I Actually Didnt Mind the Beef Stroganoff Im Partial to Dog Food Over Puke in a Bag. 

Chicken Caccitore (sp?) is the Cats Meow


----------



## brin11 (25 May 2004)

Can‘t forget the field kitchens.  Most of the time they make pretty good food similar that you would find in the mess hall...especially if you‘re buddies with the cooks.  LOL

They also leave out bread, peanut butter, etc. for those on sentry at night.


----------



## tree hugger (25 May 2004)

My favorite is the salmon filet... no one in my section really liked it so I ate it alot!  The ham steak in mustard sauce is horrid!  I definitly recommend adding the rice packets (2/3 of it at least) to the accompaning entres.  If you‘re eating hot IMP‘s, add the petit pain to the hot water with the entres.  Makes it nice and soft!


----------



## atticus (25 May 2004)

very first IMP breakfast... partially cooked ham steak and raisin sauce      . I love the breakfast in the mess though. Best thing in the world. They had pretty much anything you could imagine for breakfast. It was great.


----------



## atticus (25 May 2004)

oh and I forgot, Just a Sig Op, I have met a couple soldiers from the British army who have served with Canada on our bases and such who all say that the CF has the best food, IMP‘s included. 
...Maybe thats why you see fat soldiers... the food is just too good to resist...


----------



## GGHG_Cadet (25 May 2004)

British rations taste like @$$. Do not eat them, trust me IMPs taste waaayyy better. My uncle brought some over for for me to try and I almost gagged. I‘d rather eat ham steak then British rations.


----------



## sgt_mandal (25 May 2004)

I don‘t know about you guys but IMP‘s are a bit like eating beans, if you know what I mean.

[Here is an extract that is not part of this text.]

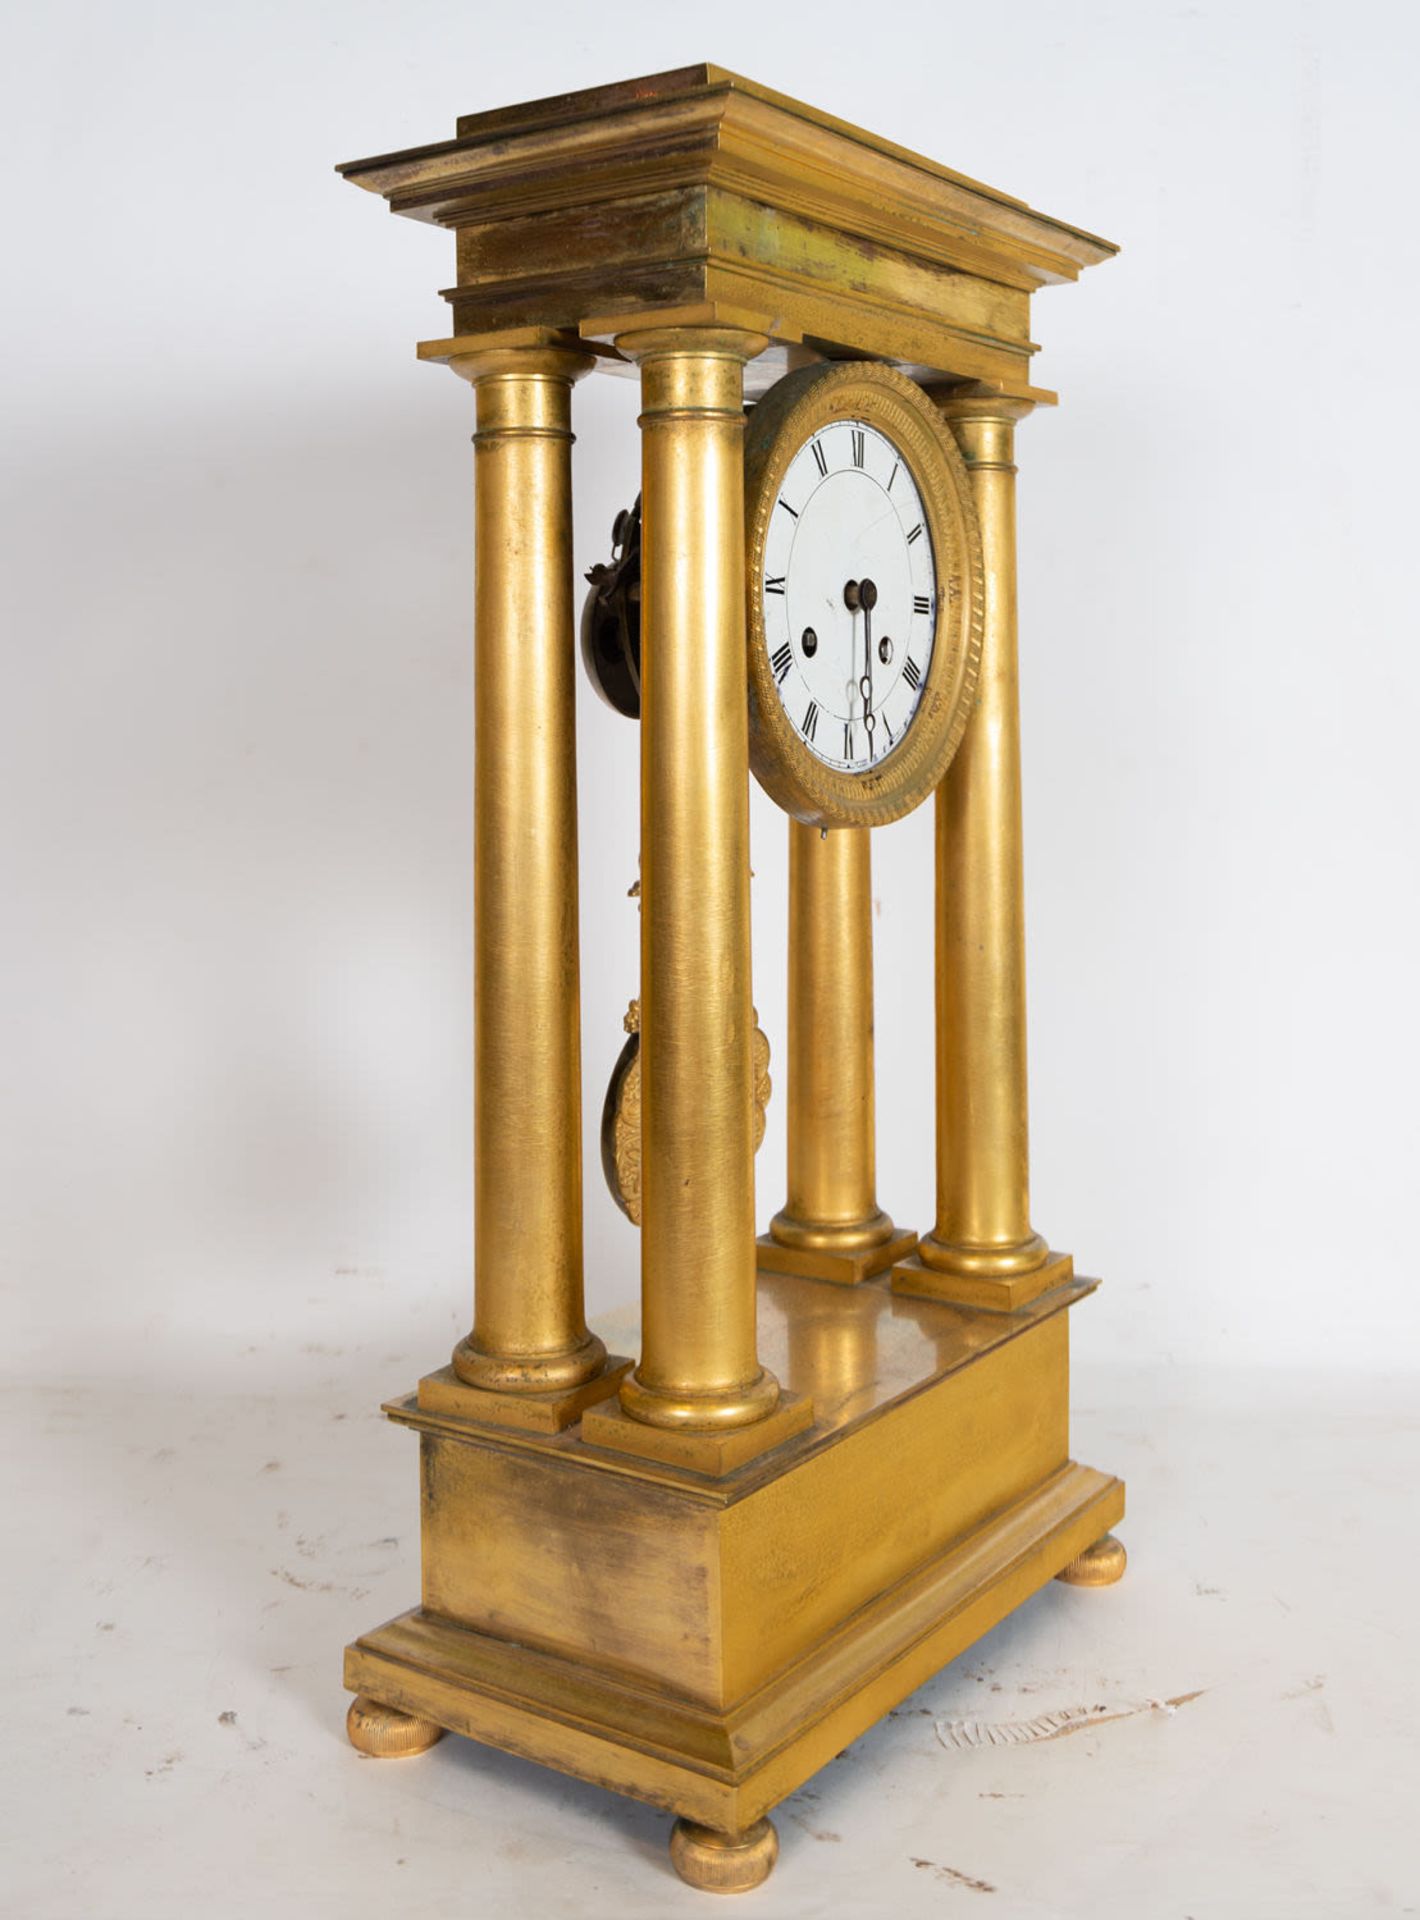 Large Bronze Clock in the shape of a Shrine with columns, French school of the 19th century - Image 3 of 5

(beans, beans the musical fruit........)


----------



## scm77 (25 May 2004)

Here‘s a site with all kinds of info on IMPs.  It also has stuff about US and (shudder) British rations.  Could there be anything worse then British Army food?    

  http://www.mreinfo.com/imps.html


----------



## Tebo (25 May 2004)

I agree that the vegetarian meal packs far surpass the normal IMP line-up.  Hard to argue with bagel chips, vegetarian lasagna and sunflower seeds.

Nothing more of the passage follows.